Journées d'étude "Écritures japonaises": review the lectures online
Japanese scripts: designing typefaces. History, origins and developments
日本の文字・書体を創作する
歴史、起源、発展
Scientific curatorship of the study days: André Baldinger, typographic artist, and Émilie Rigaud, graphic designer and historian of Japanese typography
"By proposing a dialogue between historians and designers, these two study days look at Japanese typographic typefaces and the context of their creation"
Émilie Rigaud, researcher and type designer
Typefaces using movable type became established in Japan at the end of the 19th century, supported by the prodigious speed of development of large daily newspapers. It took the place of xylography, a printing process in which text and images were engraved on a single wooden plate, then inked and printed.

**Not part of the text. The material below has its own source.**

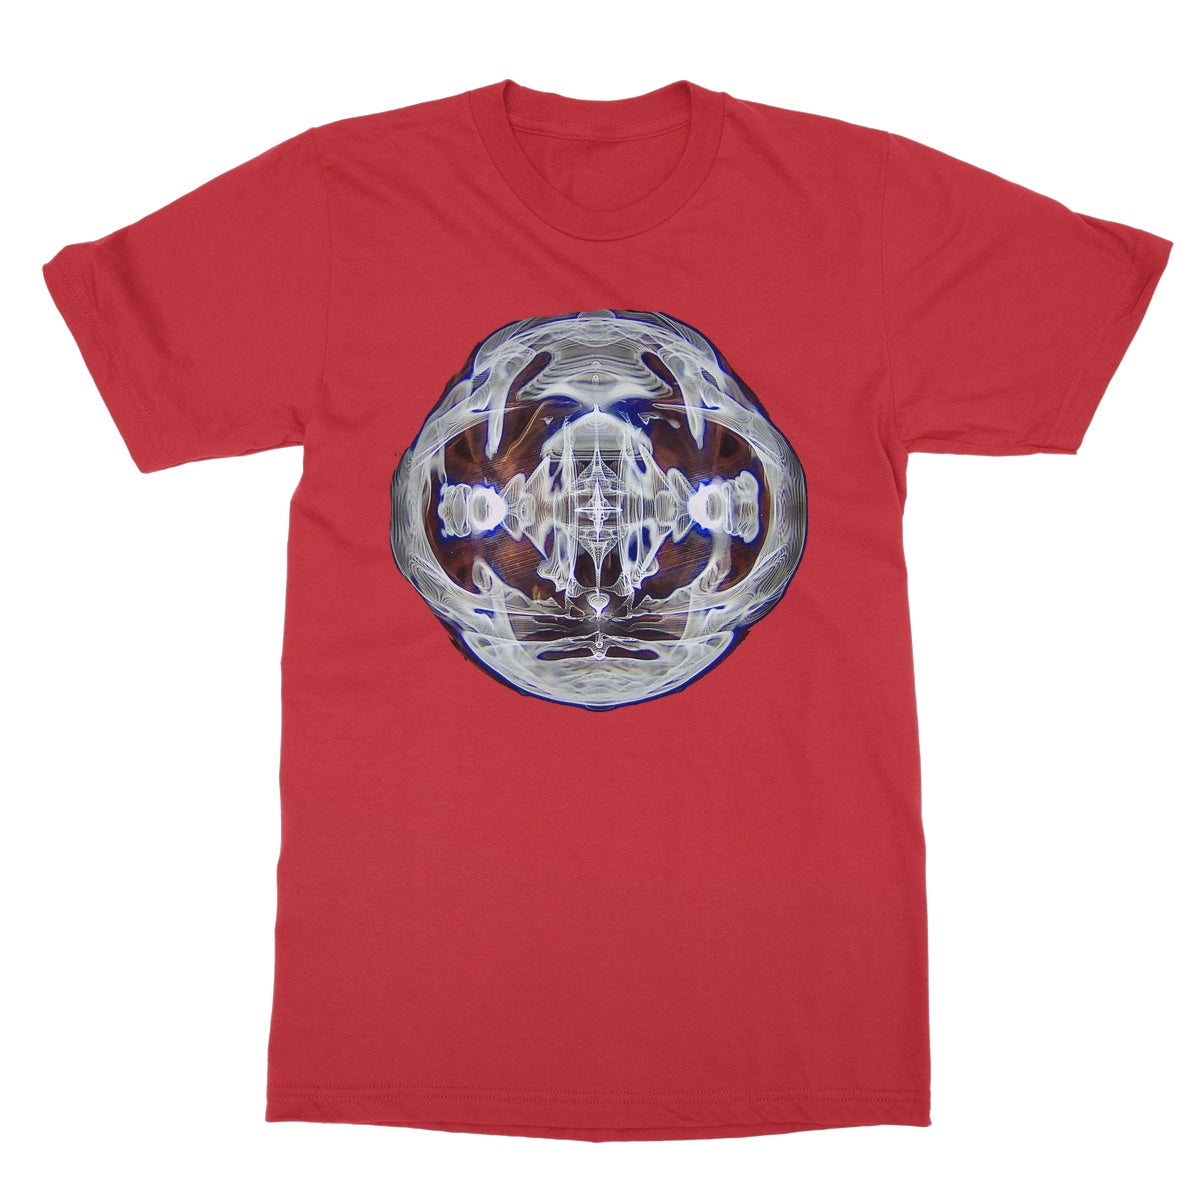 Cymatics 5 Softstyle T-Shirt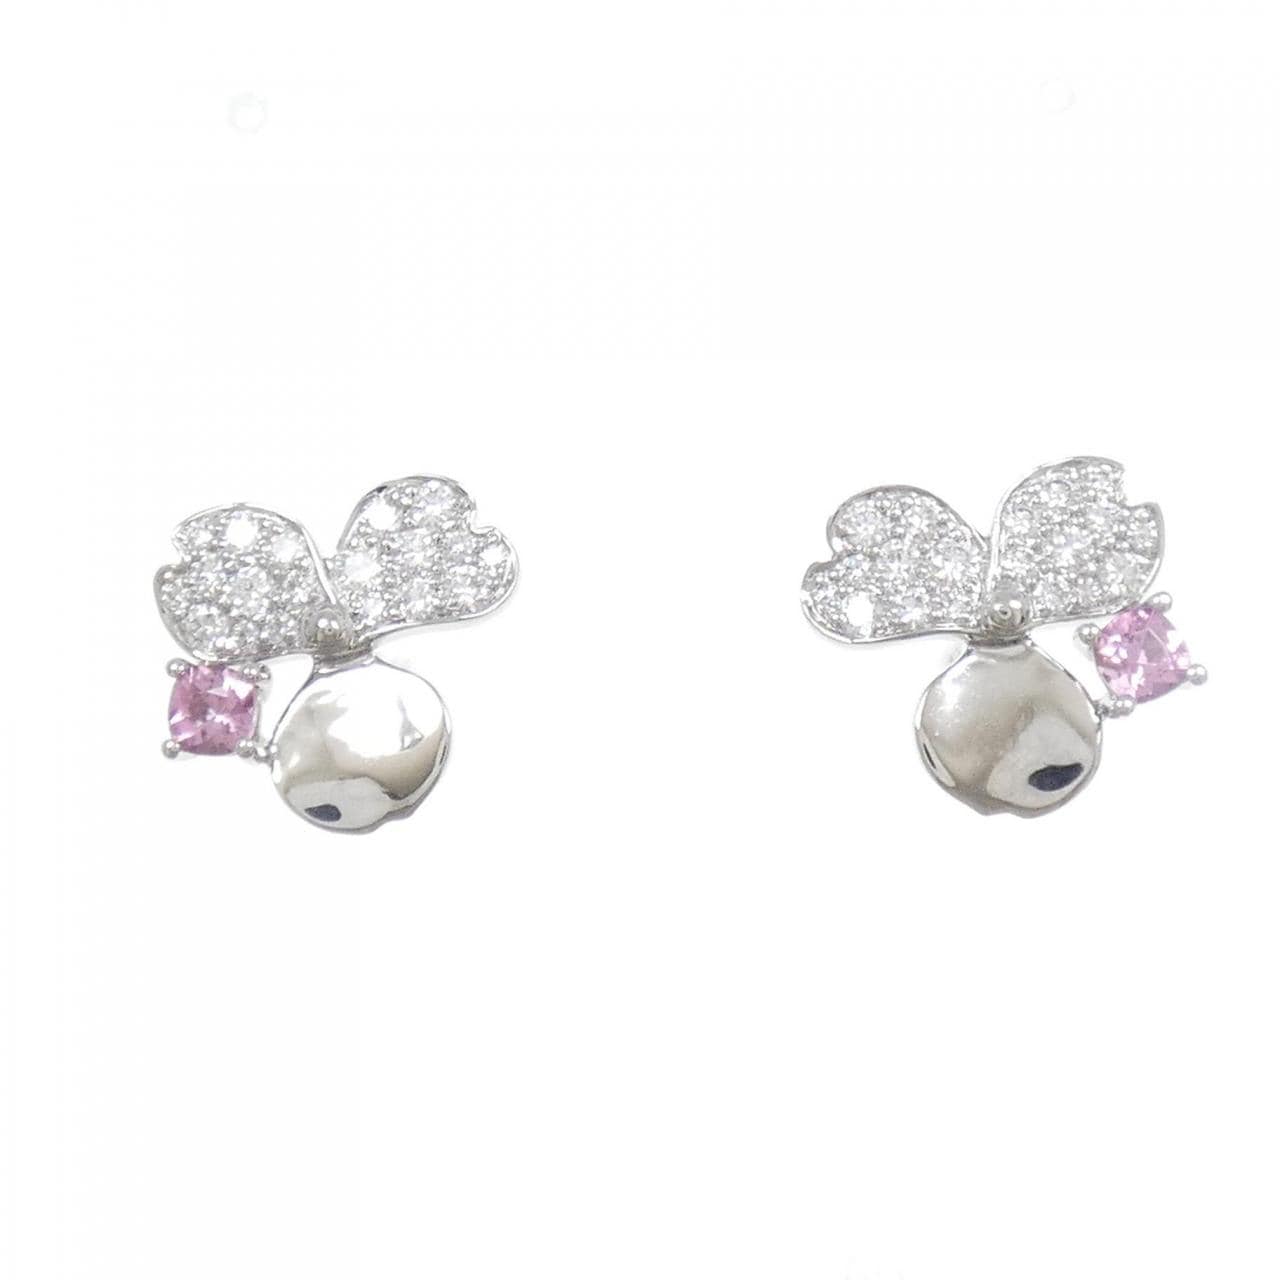 TIFFANY paper flower earrings

Then came photocomposition, replacing metal parts with glass plates, and thick ink with flashes of light. These successive technical changes, combined with the evolution of reading habits, had repercussions on the forms of Japanese signs.
What were the major developments in typographic technique in Japan? What links does typography have with calligraphy on the one hand, and images on the other? How are Japanese designers creating typefaces today, and how have foreign designers been able to appropriate the subject?

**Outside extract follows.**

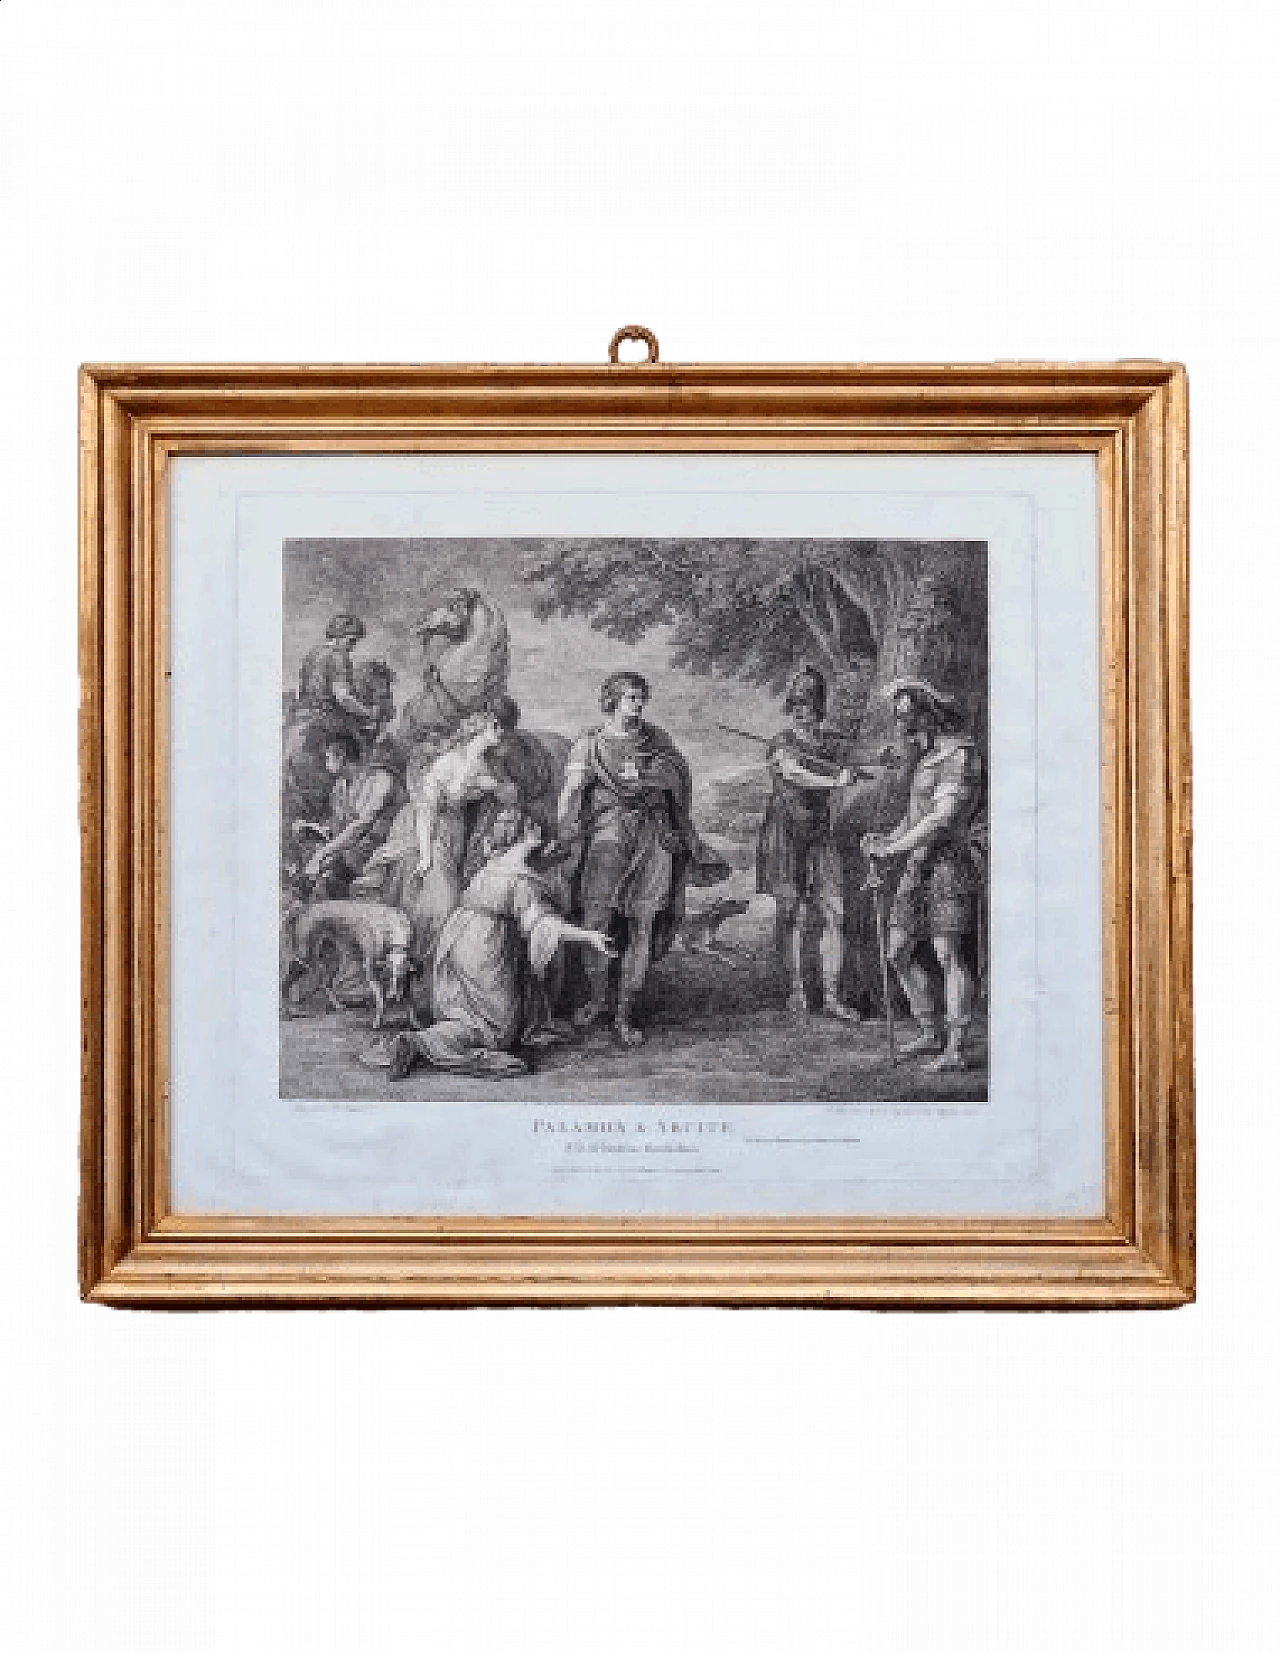 Palamone and Arcite, engraving by Francesco Bartolozzi, '700 11

Playlist of lectures in French
Playlist of lectures in Japanese
Wednesday, October 27, 2021
Matsumura Daisuke - The characters of the Japanese city
Blanche Delaborde - Writing in manga : manuscript and typography
Ajioka Shintaro - The mixed composition kanji and kana, Typographic family for Japanese based on kana
Laïli Dor - Living type: how typography pushed calligraphy down the path of innovation
Émilie Rigaud - How to make 2111 signs from a square? Pixel fonts and the 1980s
André Baldinger - Japanese typeface design, between complexity and innovation
Thursday, October 28, 2021
Yuki Akari - The age of photocomposition. The work of Hashimoto Kazuo, font designer
Marianne Simon-Oikawa - Typography, calligraphy, painting: forms and issues of writing in Japanese visual poetry since the 1960s
Suzuki Hiromitsu - The peculiarities of kana made visible by movable type
Iwai Hisashi - The "forgotten" in Japanese text
Tsukada Tetsuya and the Shinsekai Type Study Group - The creation of "horizontally written" kanas
Journées d'études Ecritures japonaises - Programme détaillé (143.72 KB, .pdf)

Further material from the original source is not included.